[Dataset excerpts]

════════

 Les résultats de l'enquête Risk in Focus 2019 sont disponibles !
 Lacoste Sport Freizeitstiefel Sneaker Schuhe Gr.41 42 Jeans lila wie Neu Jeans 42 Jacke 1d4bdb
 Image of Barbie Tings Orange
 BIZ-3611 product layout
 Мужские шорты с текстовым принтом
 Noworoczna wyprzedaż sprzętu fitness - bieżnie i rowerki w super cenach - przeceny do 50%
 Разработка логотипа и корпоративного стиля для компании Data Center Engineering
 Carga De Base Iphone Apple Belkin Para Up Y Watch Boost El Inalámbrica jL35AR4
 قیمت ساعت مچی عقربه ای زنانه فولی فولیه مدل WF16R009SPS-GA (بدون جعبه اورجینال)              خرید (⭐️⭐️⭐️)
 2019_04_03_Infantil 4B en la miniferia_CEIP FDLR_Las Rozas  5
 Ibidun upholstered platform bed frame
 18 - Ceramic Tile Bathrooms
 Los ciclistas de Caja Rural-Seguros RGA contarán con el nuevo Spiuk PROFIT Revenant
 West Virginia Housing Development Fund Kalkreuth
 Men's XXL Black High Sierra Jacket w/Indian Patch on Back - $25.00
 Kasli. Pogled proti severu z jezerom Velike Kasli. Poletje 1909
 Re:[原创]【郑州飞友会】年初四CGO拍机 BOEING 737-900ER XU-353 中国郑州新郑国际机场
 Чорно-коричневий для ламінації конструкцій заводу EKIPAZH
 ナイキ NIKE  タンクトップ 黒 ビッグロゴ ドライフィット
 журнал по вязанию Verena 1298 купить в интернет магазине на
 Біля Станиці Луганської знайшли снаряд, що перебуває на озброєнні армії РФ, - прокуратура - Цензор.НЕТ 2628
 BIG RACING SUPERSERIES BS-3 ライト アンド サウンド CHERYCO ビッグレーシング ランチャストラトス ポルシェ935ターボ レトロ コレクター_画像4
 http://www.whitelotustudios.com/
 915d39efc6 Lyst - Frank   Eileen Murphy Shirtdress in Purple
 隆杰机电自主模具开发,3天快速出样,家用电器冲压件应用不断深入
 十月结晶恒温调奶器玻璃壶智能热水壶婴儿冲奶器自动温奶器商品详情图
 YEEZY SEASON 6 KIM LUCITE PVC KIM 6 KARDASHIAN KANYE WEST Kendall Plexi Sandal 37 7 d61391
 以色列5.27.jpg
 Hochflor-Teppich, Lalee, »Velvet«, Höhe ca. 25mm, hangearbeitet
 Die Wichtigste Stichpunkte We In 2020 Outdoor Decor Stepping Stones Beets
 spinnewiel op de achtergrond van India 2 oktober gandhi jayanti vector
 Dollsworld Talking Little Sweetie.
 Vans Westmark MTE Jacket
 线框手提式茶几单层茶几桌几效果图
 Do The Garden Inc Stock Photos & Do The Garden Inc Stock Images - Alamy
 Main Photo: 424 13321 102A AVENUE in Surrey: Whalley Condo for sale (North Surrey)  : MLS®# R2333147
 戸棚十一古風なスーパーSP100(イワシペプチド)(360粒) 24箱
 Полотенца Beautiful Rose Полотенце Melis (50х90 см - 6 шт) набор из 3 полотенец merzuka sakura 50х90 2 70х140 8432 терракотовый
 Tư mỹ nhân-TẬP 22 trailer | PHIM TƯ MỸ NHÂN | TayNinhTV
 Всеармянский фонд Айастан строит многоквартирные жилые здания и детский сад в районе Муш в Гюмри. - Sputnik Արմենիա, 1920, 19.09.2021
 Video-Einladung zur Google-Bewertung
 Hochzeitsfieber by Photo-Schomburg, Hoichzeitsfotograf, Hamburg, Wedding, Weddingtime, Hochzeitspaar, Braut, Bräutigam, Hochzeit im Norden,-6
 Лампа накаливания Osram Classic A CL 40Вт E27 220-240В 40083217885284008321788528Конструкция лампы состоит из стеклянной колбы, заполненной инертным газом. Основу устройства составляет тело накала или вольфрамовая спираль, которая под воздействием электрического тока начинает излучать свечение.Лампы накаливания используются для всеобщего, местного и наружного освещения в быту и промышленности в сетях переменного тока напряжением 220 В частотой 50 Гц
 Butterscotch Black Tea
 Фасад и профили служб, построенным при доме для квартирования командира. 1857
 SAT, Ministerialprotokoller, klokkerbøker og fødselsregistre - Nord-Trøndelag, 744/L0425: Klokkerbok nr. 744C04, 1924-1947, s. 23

════════

▸ **What you will do**
Please transcribe the records exactly from their first line through the line holding "戸棚十一古風なスーパーSP100(イワシペプチド)(360粒) 24箱", and leave out all others.

▸ **Written solution**
 Les résultats de l'enquête Risk in Focus 2019 sont disponibles !
 Lacoste Sport Freizeitstiefel Sneaker Schuhe Gr.41 42 Jeans lila wie Neu Jeans 42 Jacke 1d4bdb
 Image of Barbie Tings Orange
 BIZ-3611 product layout
 Мужские шорты с текстовым принтом
 Noworoczna wyprzedaż sprzętu fitness - bieżnie i rowerki w super cenach - przeceny do 50%
 Разработка логотипа и корпоративного стиля для компании Data Center Engineering
 Carga De Base Iphone Apple Belkin Para Up Y Watch Boost El Inalámbrica jL35AR4
 قیمت ساعت مچی عقربه ای زنانه فولی فولیه مدل WF16R009SPS-GA (بدون جعبه اورجینال)              خرید (⭐️⭐️⭐️)
 2019_04_03_Infantil 4B en la miniferia_CEIP FDLR_Las Rozas  5
 Ibidun upholstered platform bed frame
 18 - Ceramic Tile Bathrooms
 Los ciclistas de Caja Rural-Seguros RGA contarán con el nuevo Spiuk PROFIT Revenant
 West Virginia Housing Development Fund Kalkreuth
 Men's XXL Black High Sierra Jacket w/Indian Patch on Back - $25.00
 Kasli. Pogled proti severu z jezerom Velike Kasli. Poletje 1909
 Re:[原创]【郑州飞友会】年初四CGO拍机 BOEING 737-900ER XU-353 中国郑州新郑国际机场
 Чорно-коричневий для ламінації конструкцій заводу EKIPAZH
 ナイキ NIKE  タンクトップ 黒 ビッグロゴ ドライフィット
 журнал по вязанию Verena 1298 купить в интернет магазине на
 Біля Станиці Луганської знайшли снаряд, що перебуває на озброєнні армії РФ, - прокуратура - Цензор.НЕТ 2628
 BIG RACING SUPERSERIES BS-3 ライト アンド サウンド CHERYCO ビッグレーシング ランチャストラトス ポルシェ935ターボ レトロ コレクター_画像4
 http://www.whitelotustudios.com/
 915d39efc6 Lyst - Frank   Eileen Murphy Shirtdress in Purple
 隆杰机电自主模具开发,3天快速出样,家用电器冲压件应用不断深入
 十月结晶恒温调奶器玻璃壶智能热水壶婴儿冲奶器自动温奶器商品详情图
 YEEZY SEASON 6 KIM LUCITE PVC KIM 6 KARDASHIAN KANYE WEST Kendall Plexi Sandal 37 7 d61391
 以色列5.27.jpg
 Hochflor-Teppich, Lalee, »Velvet«, Höhe ca. 25mm, hangearbeitet
 Die Wichtigste Stichpunkte We In 2020 Outdoor Decor Stepping Stones Beets
 spinnewiel op de achtergrond van India 2 oktober gandhi jayanti vector
 Dollsworld Talking Little Sweetie.
 Vans Westmark MTE Jacket
 线框手提式茶几单层茶几桌几效果图
 Do The Garden Inc Stock Photos & Do The Garden Inc Stock Images - Alamy
 Main Photo: 424 13321 102A AVENUE in Surrey: Whalley Condo for sale (North Surrey)  : MLS®# R2333147
 戸棚十一古風なスーパーSP100(イワシペプチド)(360粒) 24箱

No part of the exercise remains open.